Answer:
P{W>0}=0.5
P{W=0}=0.25
E{W}=0
Explanation:
Given:
Gambles are independent i.e. each player is equally likely to win or lose 1 unit. OR each player has equal probability to win or lose 1 unit.
Let W denote the net winnings of a gambler whose strategy is to stop gambling immediately after his first win.
Then
A.P{W>0}=?
P{W>0}=0.5, because each player is equally likely to win or lose on first gamble. i.e there is equal chances for winning or losing on the first gamble.
B.P{W<0}=?
for P{W<0} we need to find P{W=0} first as;
P{W=0}=0.25
As there is equal probability to win or lose, after first win, if you want to finish gamble with no profit (equal number of lose and win) then if you losing, you have equal probability to win or lose so to finish your game with P=0 your probability is 0.25 (half of 0.5)
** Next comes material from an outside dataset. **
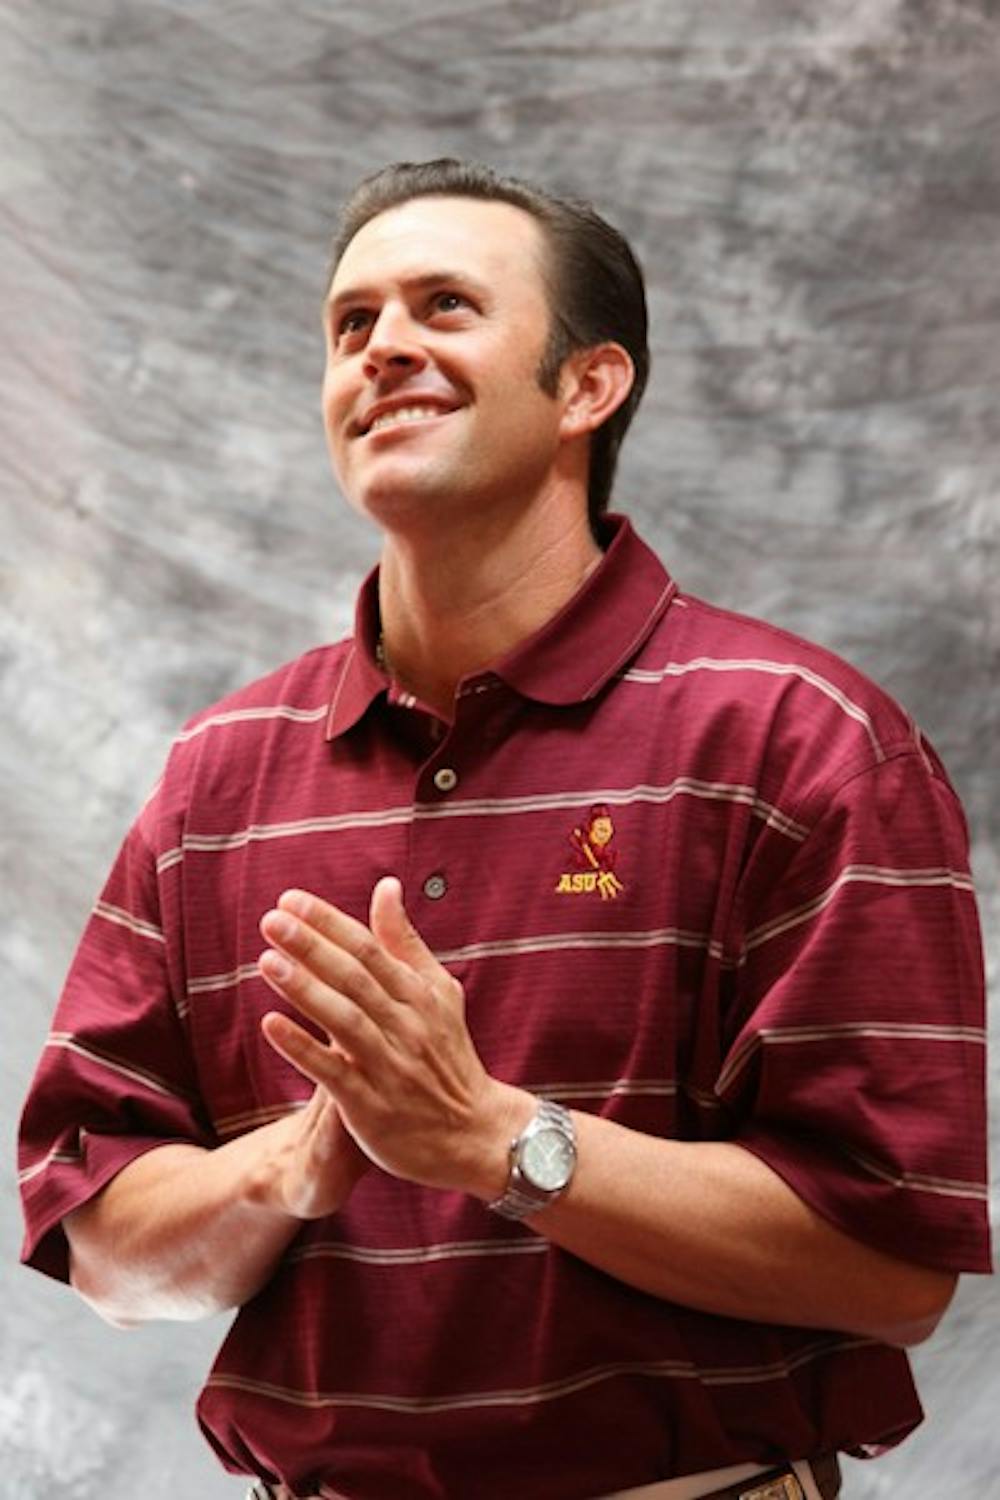 NEW ERA: Tim Mickelson poses for photos on Thursday at the Carson Student Athlete Center. Mickelson was recently hired as the new head coach for ASU men's golf. (Photo by Lisa Bartoli)

P{W<0} means net lose which is equal to total probability minus probability of profit and probability of net profit equal to zero.
i.e. P{W<0}=1-P{W=0}-P{W>0}
P{W<0}=1-0.25-0.5=0.25
C.E{W}=?
E{W}=P{W>0}*{W>0}+P{W<0}*{W<0}+P{W=0}*{W=0}
E{W}=0.5*(1)+0.5(-1)+0.25*(0) (for any value of W,P{W>0}*{W>0}+P{W<0}*{W<0}=0, because sum of same positive and negative numbers is zero)
E{W}=0